# What type of machine and software do you use to write with?



## gene (Mar 28, 2019)

I use a full desktop computer and microsoft  word. I have been using this setup for years now. I was wondering about other options.


----------



## Megan Pearson (Mar 28, 2019)

Lately, scissors and tape. 

Mine is a very high-tech set-up. 

I've also made friends with a giant whiteboard, giant-sized paper pad, and scads of index cards neatly printed upon in large black letters and placed strategically over neat piles containing fragments of several different drafts I am piecing together manually. 

(I so wish I were joking...but you know, I think I'm making progress! MS word wasn't measuring up to the task & this was simpler.)

Oh, yeah. And a laptop and MS Word. But I use Scrivner for my fiction. I like its index-card file system.

Still, I highly recommend scissors and tape. 

It's simpler.


----------



## Gamer_2k4 (Mar 28, 2019)

Notepad++ for quick notes, OneNote for detailed notes, Word for the actual writing.  I'll do it on whatever computer or laptop I have available.


----------



## gene (Mar 28, 2019)

I use a full desk top and word for everything. I use a folder filing system to keep up with it all. The main folder can end up with lots of sub folders. I time and date the word file everyday that I set down and write. I have a master file folder that I only use for up too date writing backing this work up on two other hard drives on two different computers, including a dedicated thumb drive for more portability. I learned the hard way years ago about not backing up my work, so I go to extra pains to do so.


----------



## sigmadog (Mar 28, 2019)

Desktop with Scrivener which is linked via Dropbox to my laptop, so I can work in one place, save it, then go to the other computer and the updated file is available to continue working. I use Scrivener for client work, blog posts, research, web writing, pretty much anything for word processing.


----------



## moderan (Mar 28, 2019)

I have a desktop with a nice mechanical keyboard and MS Word but I write most things on my laptop, which uses LibreWriter as a medium. I don't have any special filing system or software -- that just gets in the way. Too much time thinking about writing gets in the way of the actual writing. I block out a series of scenes in my head and go from there.


----------



## Cephus (Mar 28, 2019)

Desktop with Scrivener.  I've used other things but that seems to work the best for me.


----------



## gene (Mar 28, 2019)

I am looking into Scrivener. Thanks for the info on this software.


----------



## Winston (Mar 28, 2019)




----------



## Ralph Rotten (Mar 28, 2019)

Winston said:


> View attachment 23500




Is that your wifi password on a post-it note? 
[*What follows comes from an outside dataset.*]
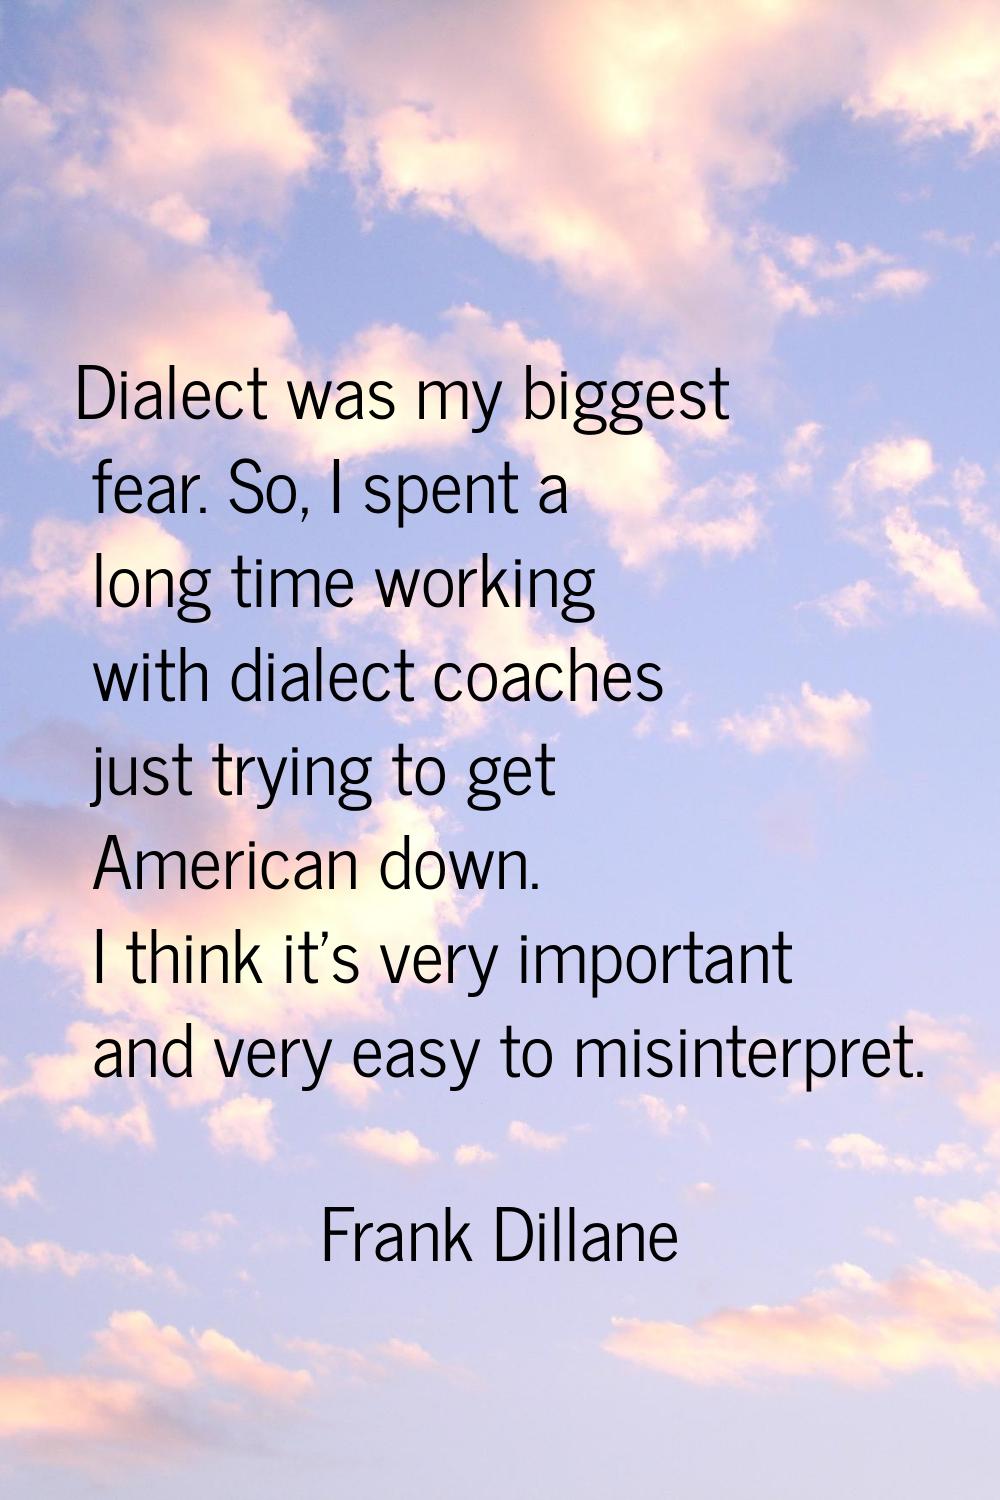 Dialect was my biggest fear. So, I spent a long time working with dialect coaches just trying to ge

MS Word is just the start of the software you'll need.

Next you'll need an eBook builder. Everyone has a fav. *Mine is MePub
*
You'll need some photo-editing software: I prefer *PhotoImpact*. Tis much cheaper than PS or PSP, does everything they do.

You should get a cloud account so your work won't be lost. I use *dropbox *because it leaves a local copy on your HDD, and also a copy in the cloud, all synchronized. dropbox also comes with versioning. I can use it in the mountains, and it updates as soon as I get home.

I also use a program called *SmartDraw CI* to create floorplans, maps, diagrams, blueprints... It is expensive, but totally worth it if you need faux technical diagrams.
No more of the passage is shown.